Manslations by Mac Jeff

Manslations by Mac Jeff

Author:Mac, Jeff [Mac, Jeff]
Language: eng
Format: mobi, epub
Publisher: Sourcebooks, Inc.
Published: 2008-12-31T13:00:00+00:00


And the two go together, hand in glove. If a man is getting regular, fantastic sex, it might just make him think, “Good Lord, I am a god. I can do anything. I bet I could consolidate all the steel companies into one giant corporation!”

On the other hand, it can go the other way as well. “I swear to God, if I don't get some action sometime very soon, I am going to deforest the entire state of Minnesota.”

Now, this can refer to literal tools, as in that 111-piece screwdriver set that he wants, even if he has no intention of screwing in 111 things in his lifetime. Or that Dremel tool that… I don't know what it does. I'm not even sure what it is. But it has, like, seventy-five uses or something, and I kind of want one.

But a “tool” could really be anything that gives him a powerful advantage over the modern-day equivalent of saber-toothed tigers. For example, the computer.

The advent of computers as a part of our day-to-day lives has… okay, sorry. Suddenly this turned into an article in the New Yorker. The computer is the pointy stick that brings down the mastodon. It's the wheel. It's the thing that makes a guy feel like he's CAPABLE: “Check it out! I can print— WIRELESSLY—from anyplace in the house!” He now feels like the mighty god Thor, seated at the right hand of Odin in Valhalla.

The computer is a big area of misunderstanding between men and women (you can also see this with cars, home theaters, and model trains, probably). It's the idea of the best. If you spend enough time with guys who are into computers, you'll hear them fantasize about the unbelievable gear they'll have one day. You'll ask what seems to be a reasonable question, “Why do you need that? What does it do that your computer doesn't do?” This is where the answers will get a little fuzzy. It's not so much that he needs it. It's that he can't relax knowing that someone, somewhere out there, has a more awesome computer.
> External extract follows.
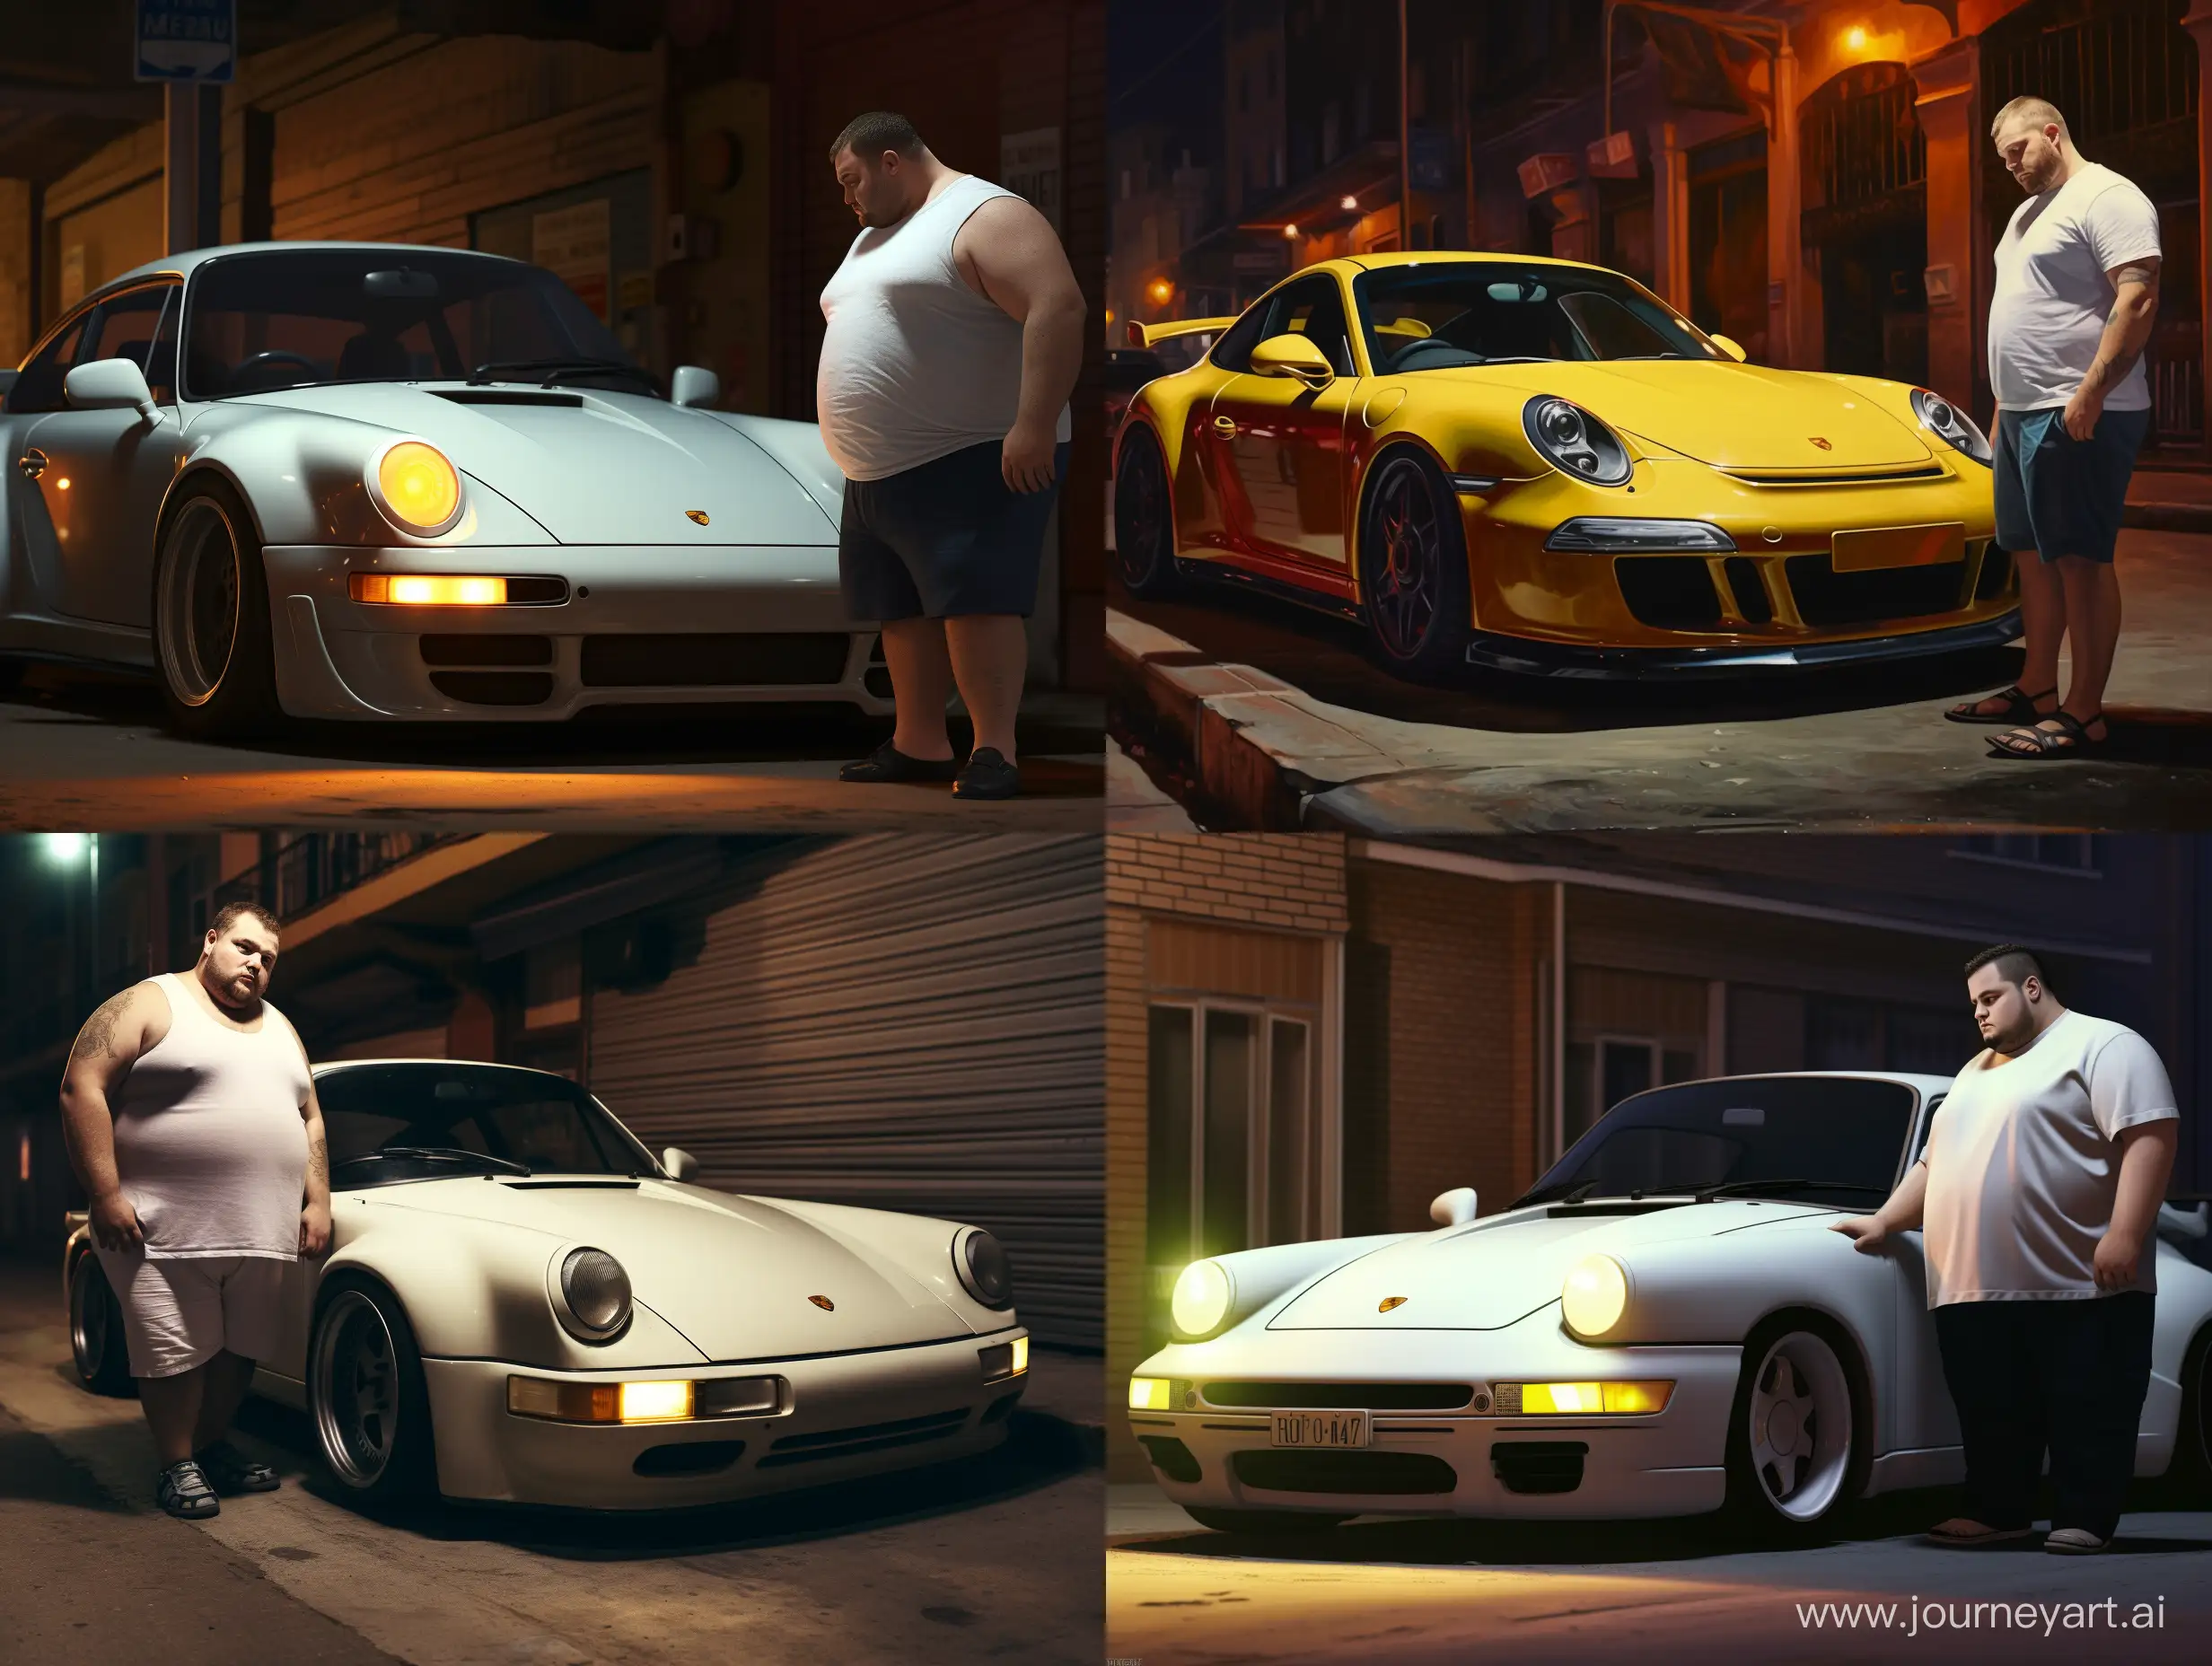 Charming-Scene-Stylish-Young-Man-Admiring-Vintage-White-Porsche-at-Night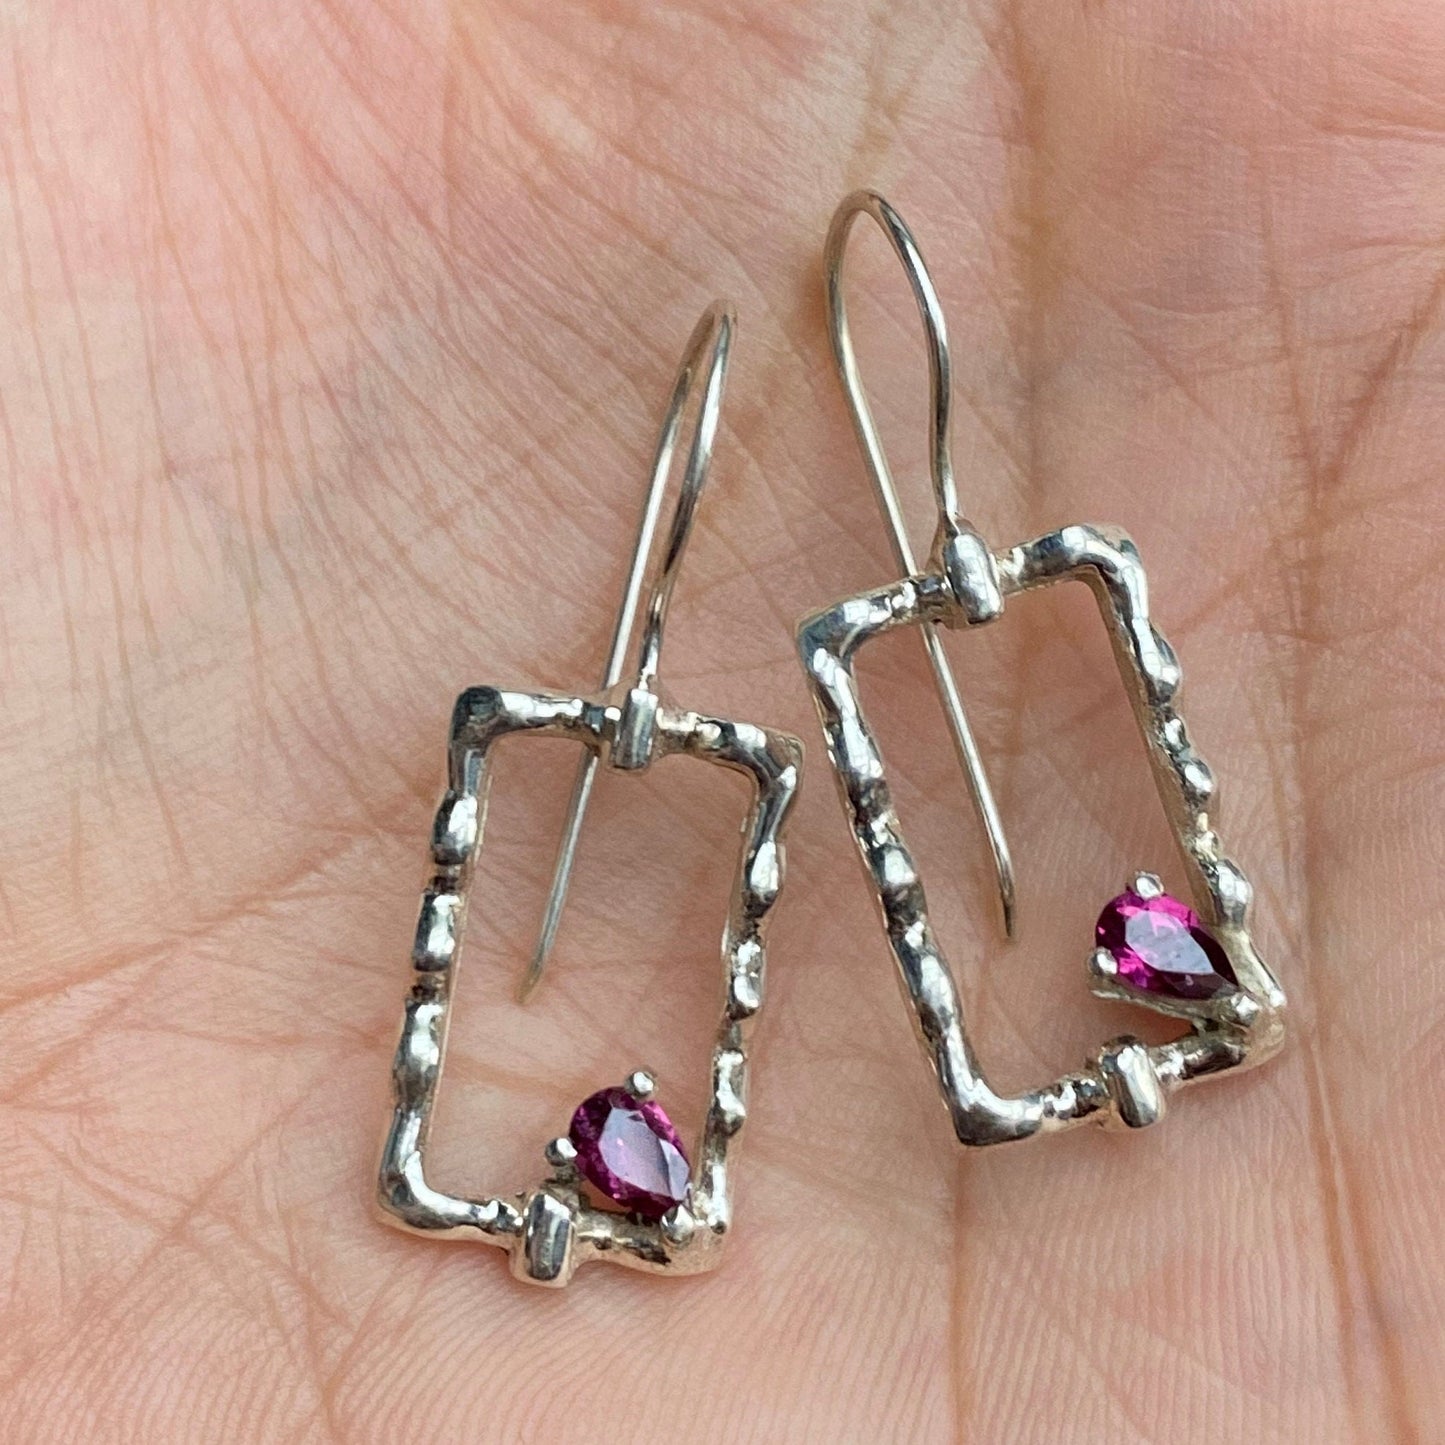 Rhodolite Garnet Earrings, Sterling Silver Earrings, Red Pink Gemstone Earrings, January Birthstone, Birthday Gifts For Her

Another fairly common example of this is the GPS device. GPS in the car means never having to ask for directions. Why can't he ask for directions? I don't know—why do you need five pairs of nearly identical black shoes? It is what it is.

He can't just ask for the directions because—and this is important—he's not lost. Yet. He hasn't conceded defeat yet. To ask for directions is to admit that he is not as much of a badass as whichever gas station attendant he asks for help. (Jack Bauer doesn't stop to ask for advice on how to strangle someone, does he? Pff. Bet your ass he doesn't.) I know it's frustrating for you because, well, what do you care? You just want to get there, right?

So there's your solution. If your man simply will not ask for directions, buy him a cool GPS tracking system. He'll install it, and it will tell him where to turn.